> **Given information**:
-- -- --

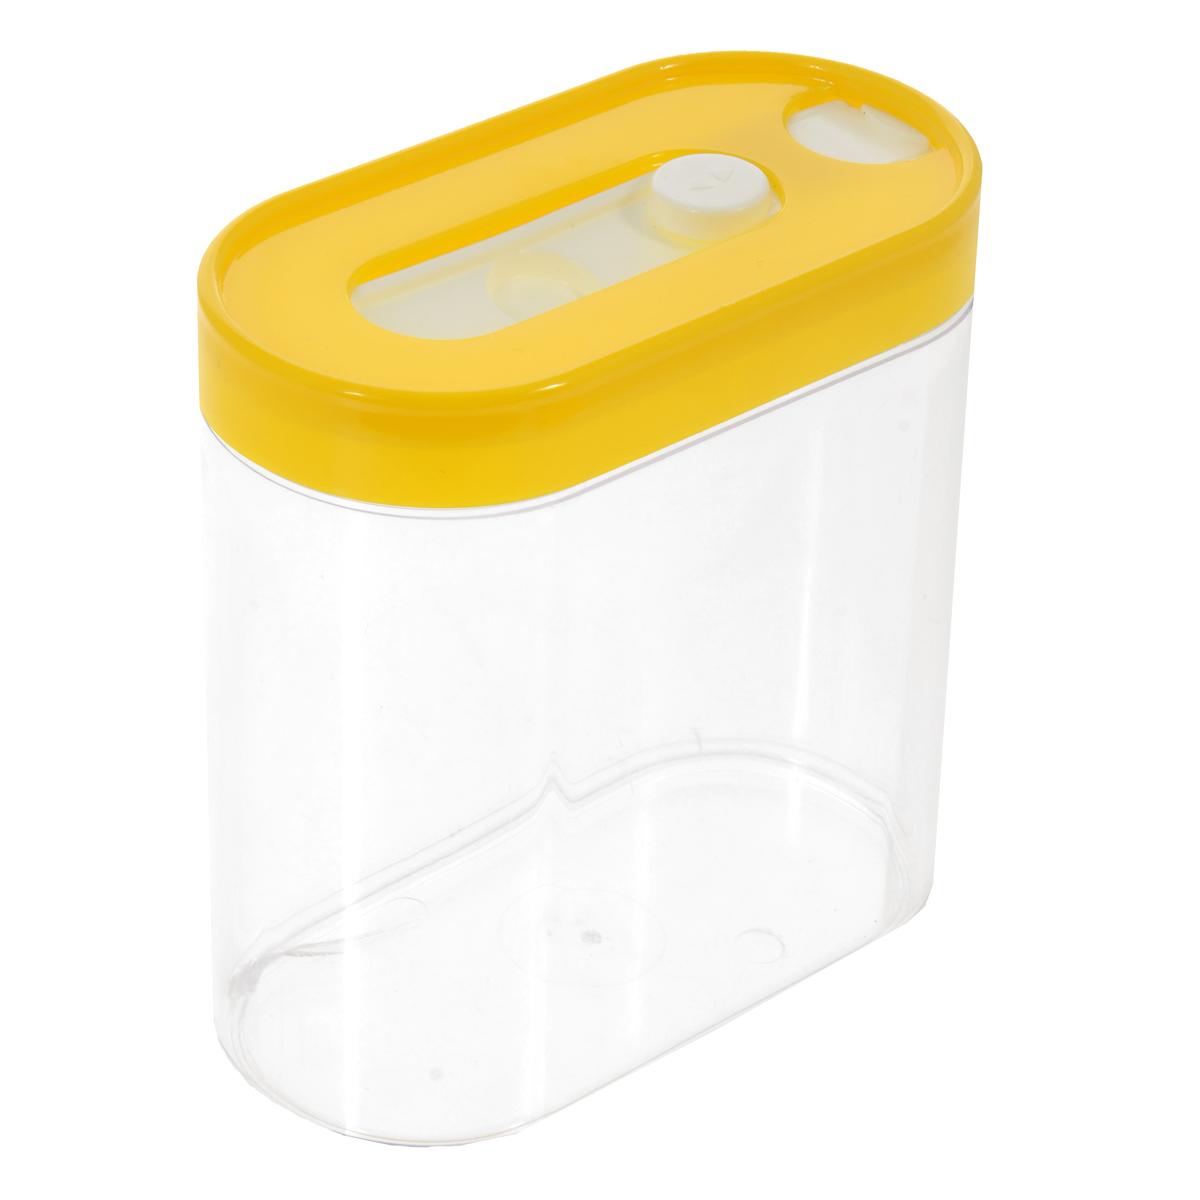 Контейнер для сыпучих продуктов МТМ, цвет: желтый, 750 мл2112выКонтейнер МТМ, выполненный из высококачественного пластика, станет незаменимым помощником на кухне. В нем будет удобно хранить разнообразные сыпучие продукты, такие как крупы, кофе или специи. Прозрачный контейнер позволит следить, что и в каком количестве находится внутри. Крышка плотно прилегает к контейнеру и, в то же время, легко снимается, благодаря специальному фиксатору. Такой контейнер сэкономит место на вашей кухне.
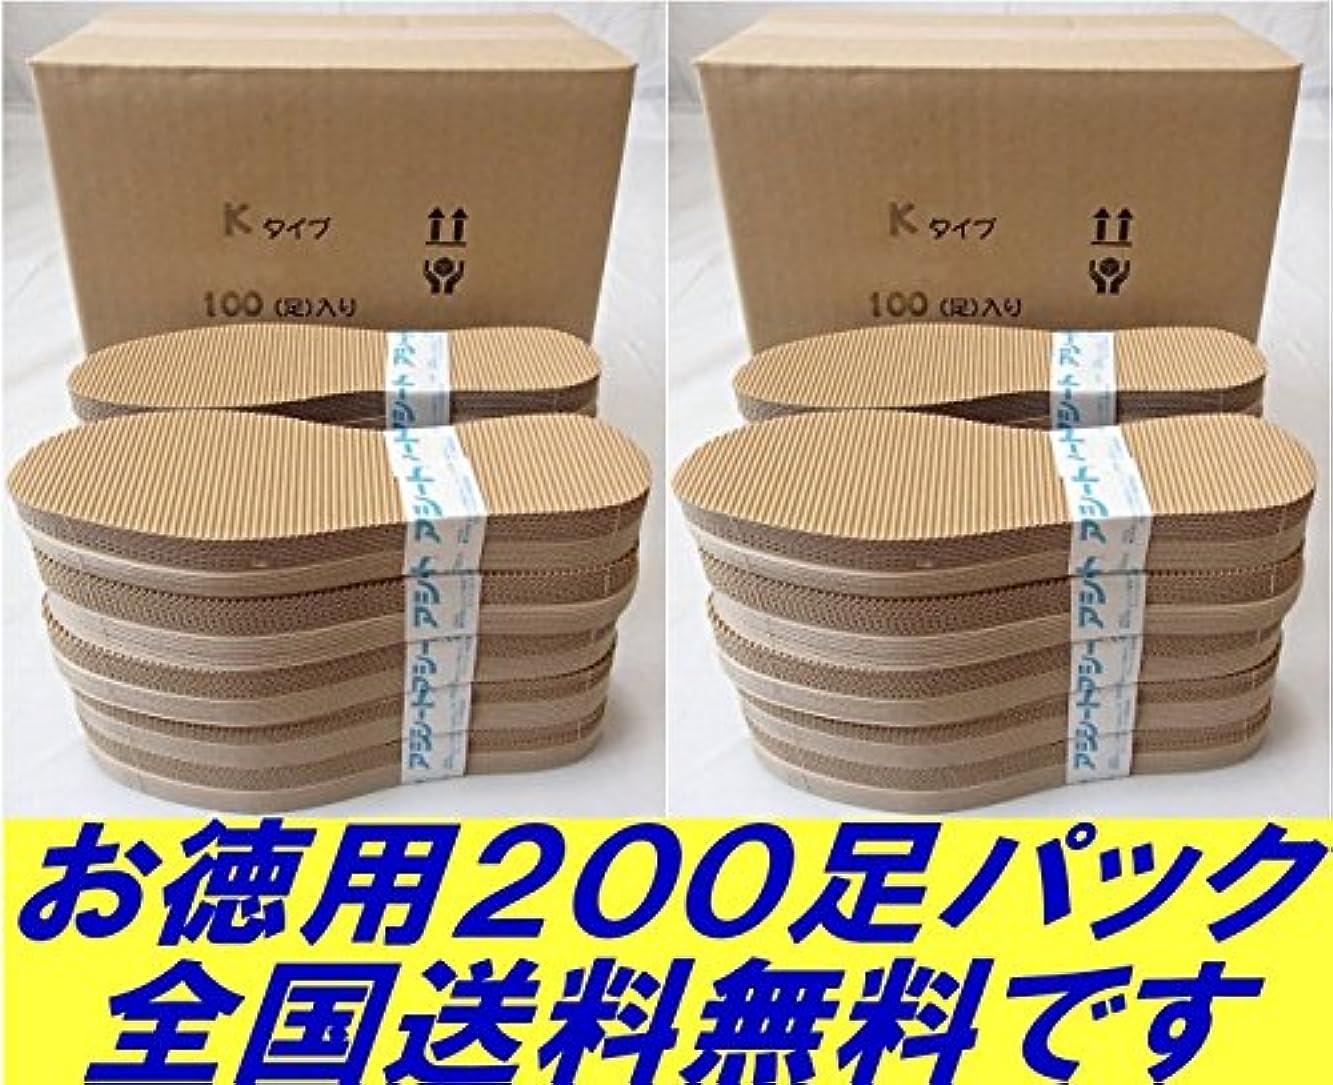 前提にんじんオセアニアアシートKタイプお得用パック200足入り (22.5~23.0cm)
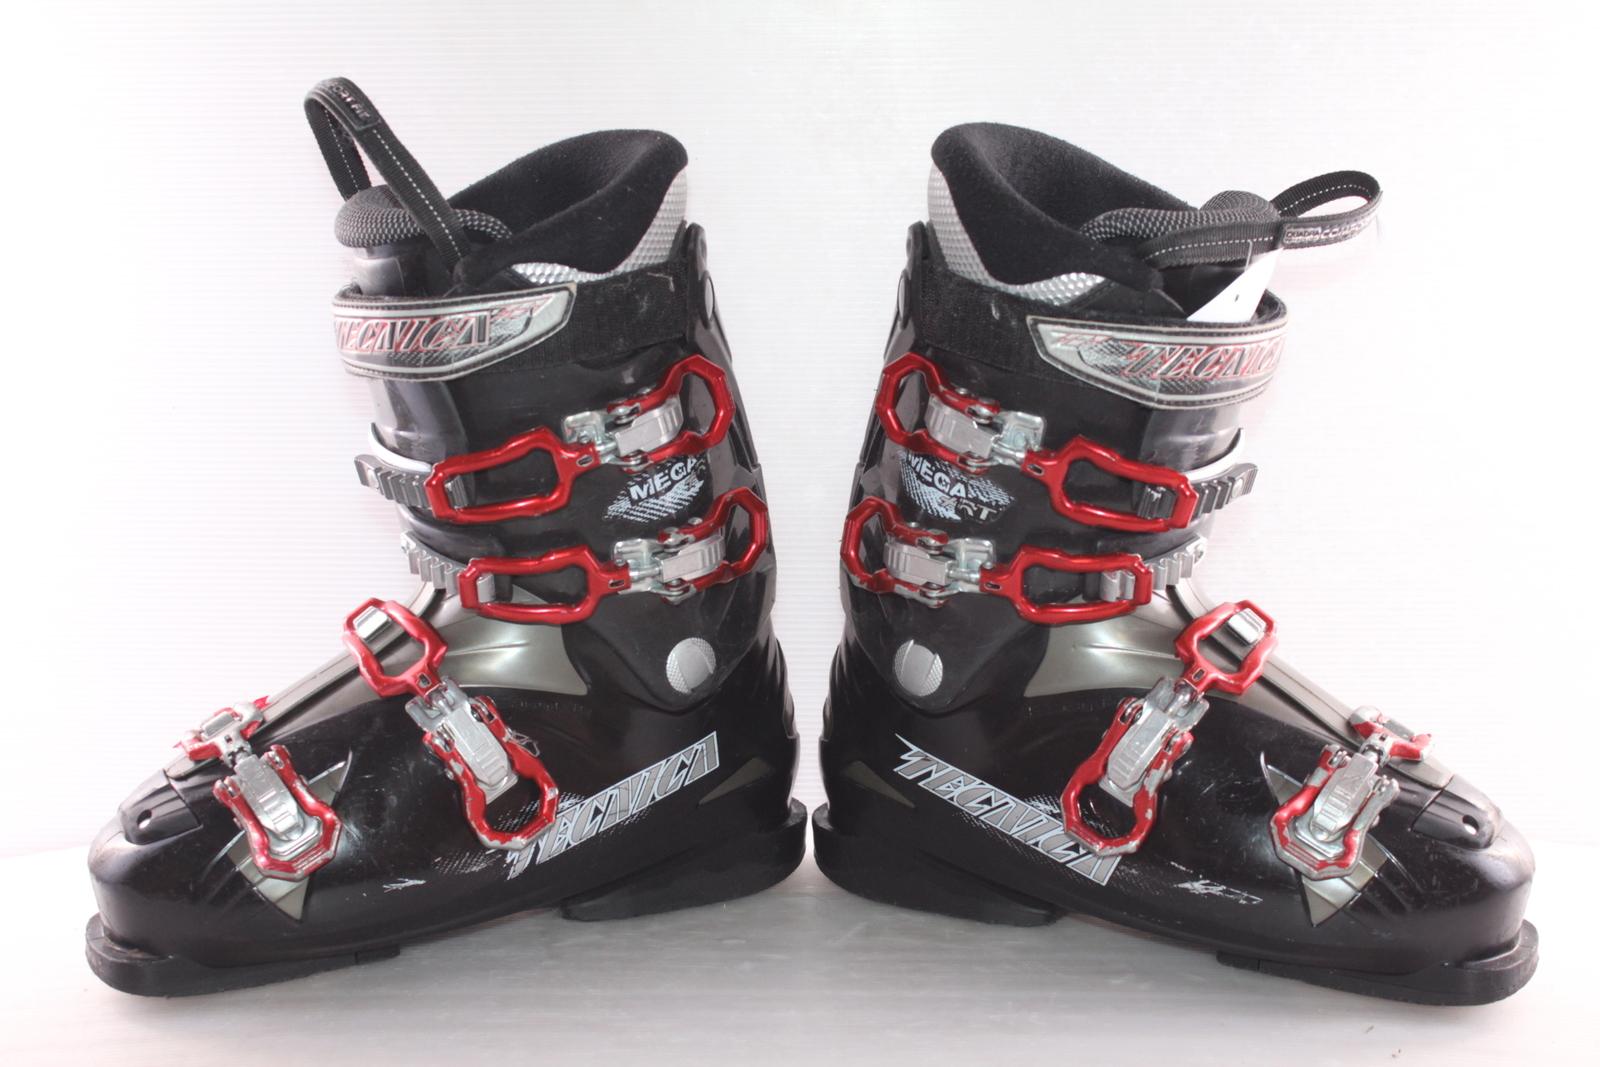 Lyžařské boty Tecnica Mega +RT vel. EU42.5 flexe 80
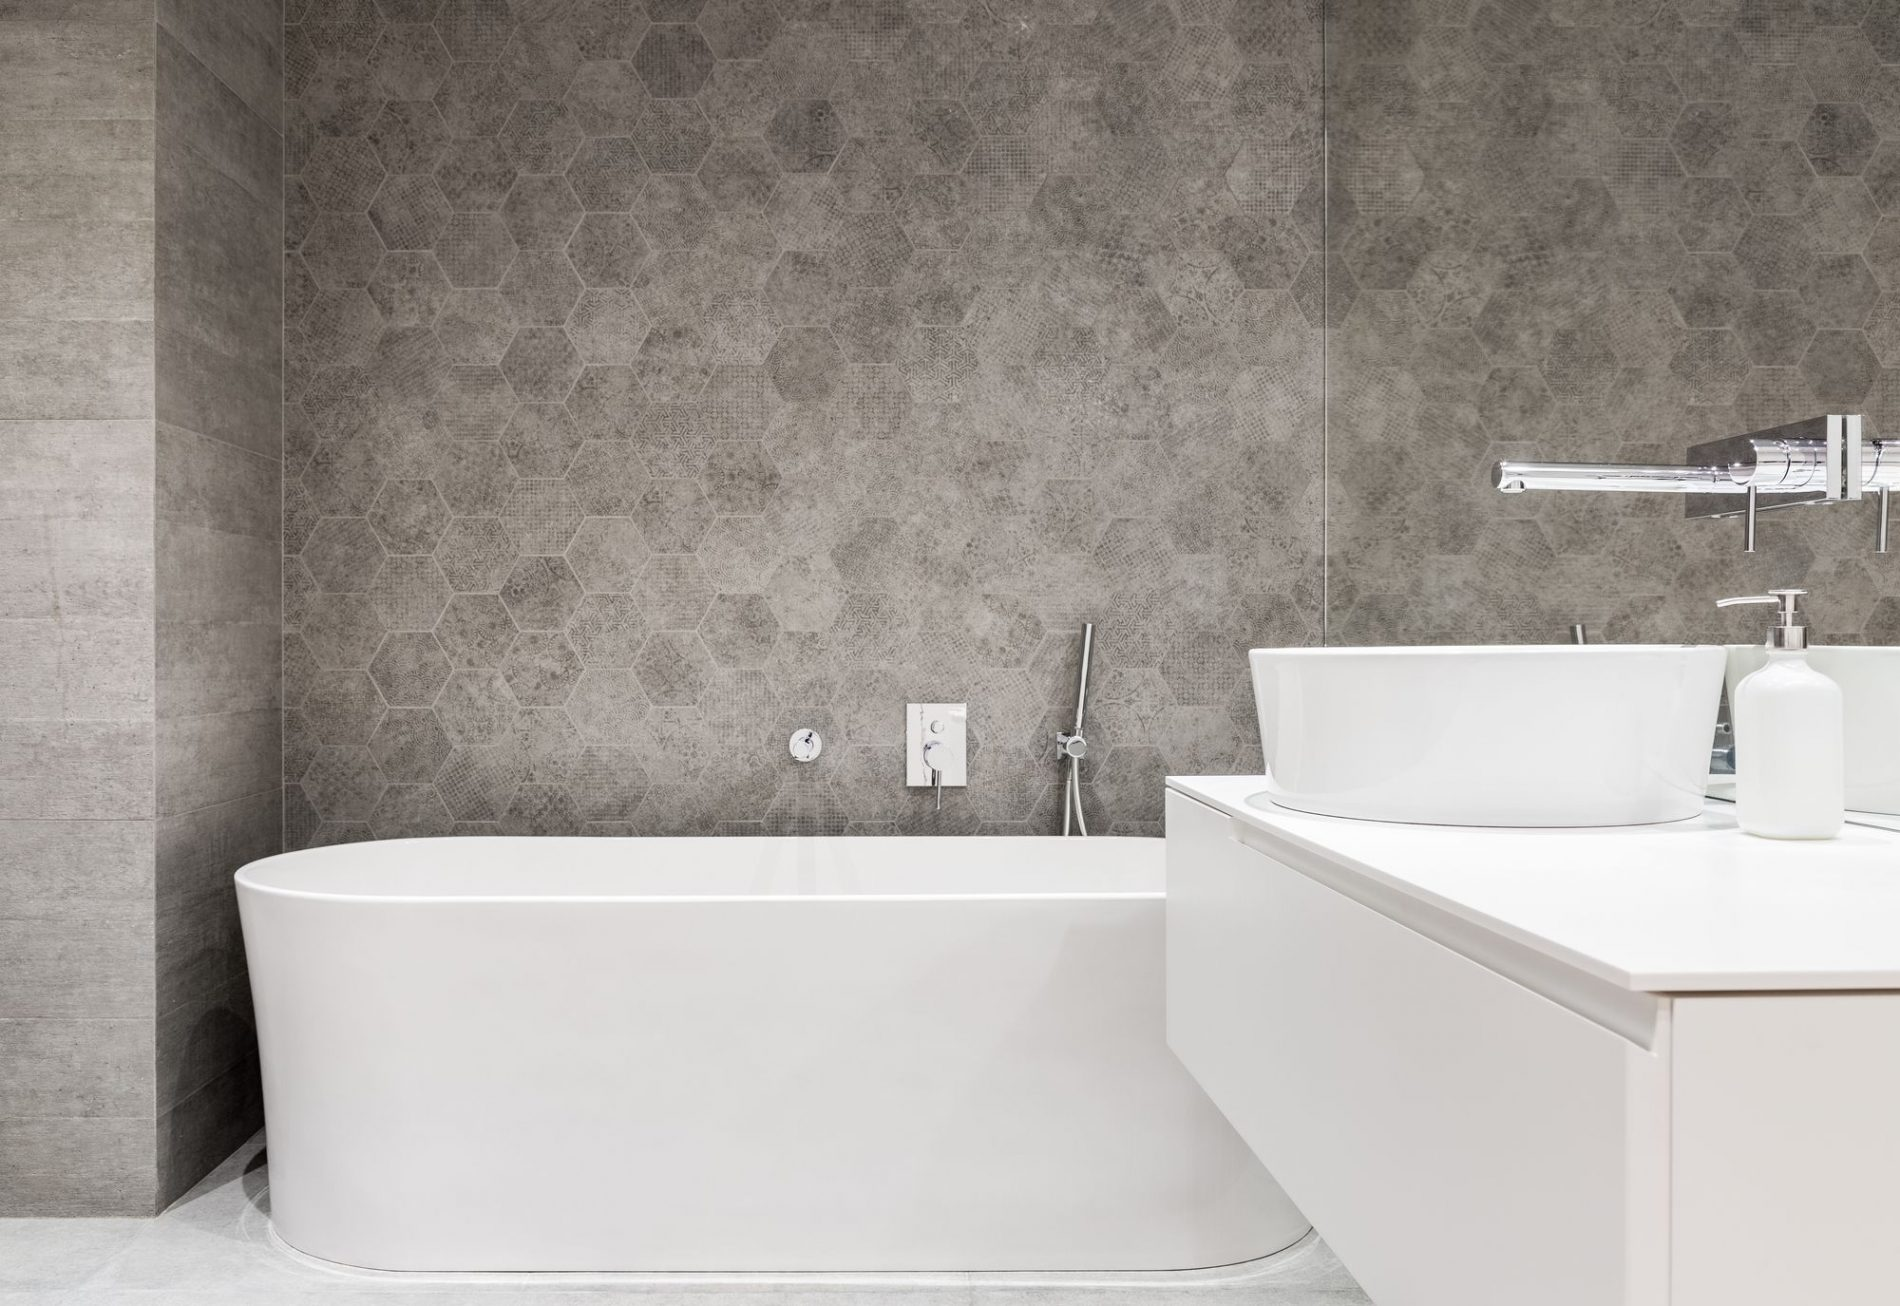 Comment peindre son carrelage de salle de bains - Comment peindre carrelage salle de bain ...

-- -- --

> **Your assignment**:
Pictures stay out. Copy exactly, and only, the lines from the one containing "前提にんじんオセアニアアシー" through the end of the data.

> **Expected answer**:
 前提にんじんオセアニアアシートKタイプお得用パック200足入り (22.5~23.0cm)
 Lyžařské boty Tecnica Mega +RT vel. EU42.5 flexe 80
 Comment peindre son carrelage de salle de bains - Comment peindre carrelage salle de bain ...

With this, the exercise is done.